Balcãs Ocidentais discutem mercado comum regional depois de recusa da UE

10 Nov 2019 / 16:31 H.

Os líderes de três países dos Balcãs ocidentais discutiram hoje medidas concretas para avançar para um mercado comum regional, depois de a União Europeia (UE) ter recusado abrir negociações de adesão com a Macedónia do Norte e a Albânia.

A reunião, que ocorreu hoje em Ohrid, no sul da Macedónia do Norte, foi o segundo encontro entre o primeiro-ministro albanês Edi Rama, o seu homólogo norte-macedónio Zoran Zaev e o Presidente da Sérvia Aleksandar Vucic.

A iniciativa é destinada a promover um reagrupamento dos países daquela região, e a instaurar até 2021 a livre circulação de bens e de pessoas, depois de a UE ter decidido em Outubro, por ‘bloqueio’ da França, fechar, para já, a porta das negociações de adesão à Macedónia do Norte e à Albânia.

“Não devemos ter medo da nossa própria sombra e de fazer alguma coisa por nós”, disse o Presidente sérvio, citado pela agência noticiosa France Presse, acrescentando que os países da região não inventaram “nada de melhor desde há 30 anos”, altura em que começou a desagregação da Jugoslávia.

Aleksandar Vucic disse que todos os países da região “querem fazer parte da UE”, mas que tal desiderato “depende deles [UE]”.

A presidente eleita da Comissão Europeia, Ursula von der Leyen, defendeu na sexta-feira que a União Europeia deve aprofundar os laços com os países dos Balcãs Ocidentais, pois se não o fizer “outros aproveitarão esse vazio”, algo que não é do interesse estratégico europeu.

A Bósnia-Herzegovina e Montenegro enviaram representantes à cimeira de hoje, o mesmo não acontecendo com o Kosovo, ex-província sérvia cuja população é maioritariamente composta por albaneses, que foi também convidado para a iniciativa mas esteve ausente.

“A visão do Kosovo é a sua adesão à UE e à NATO”, e não uma “iniciativa regional” que “não tem sentido, já que a Sérvia e a Bósnia não reconhecem a sua independência”, disse, na rede social Twitter, o Presidente kosovar Hashim Thaçi.

A questão do Kosovo, a quem Belgrado recusa reconhecer a independência declarada unilateralmente em 2008, e que é reconhecida pela maior parte dos países ocidentais, permanece o assunto mais sensível da região.

Apesar de afinidades históricas, o primeiro-ministro albanês Edi Rama criticou a posição kosovar, afirmando que “é também do interesse do Kosovo, dos seus cidadãos e do mercado que a fronteira entre o Kosovo e a Sérvia seja suprimida”.

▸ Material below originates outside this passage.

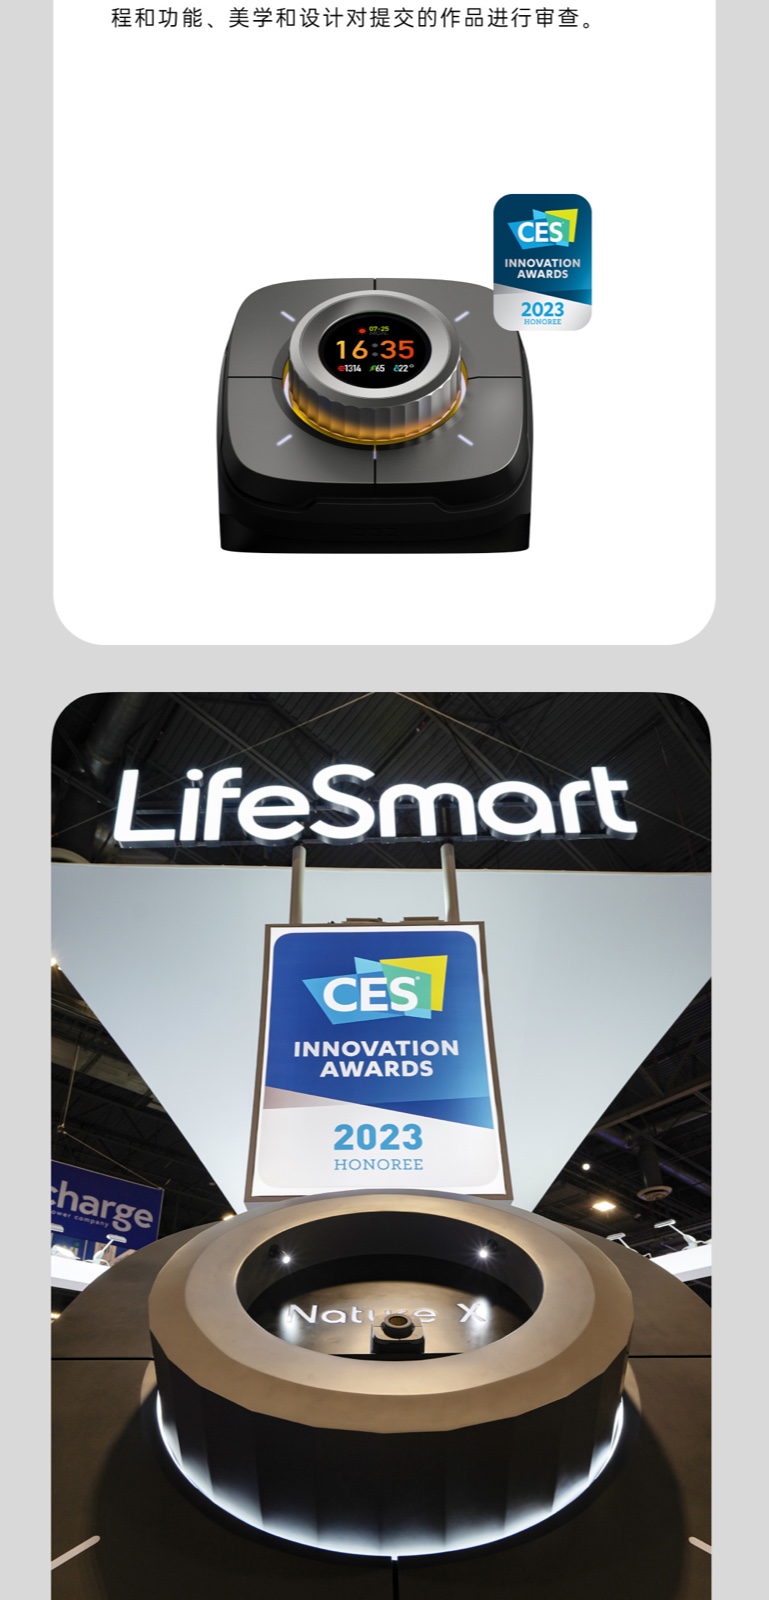 CES 2023，LifeSmart云起闪耀Las Vegas

Entretanto, Belgrado, Tirana e Skopje concordaram com o princípio de uma única licença de trabalho que permitiria aos seus cidadãos trabalhar de forma indiferenciada nos três países, e também na possibilidade de circularem munidos apenas de um cartão de identidade.

Os três países decidiram também facilitar os procedimentos alfandegários e controlos fitossanitários nas fronteiras, para acelerar a passagem de camiões.

A criação de um “mini espaço Schengen” foi também discutida, com vista a facilitar o livre trânsito dos visitantes estrangeiros entre os três países.

A próxima reunião está marcada para 21 de Dezembro em Durrës, cidade portuária albanesa.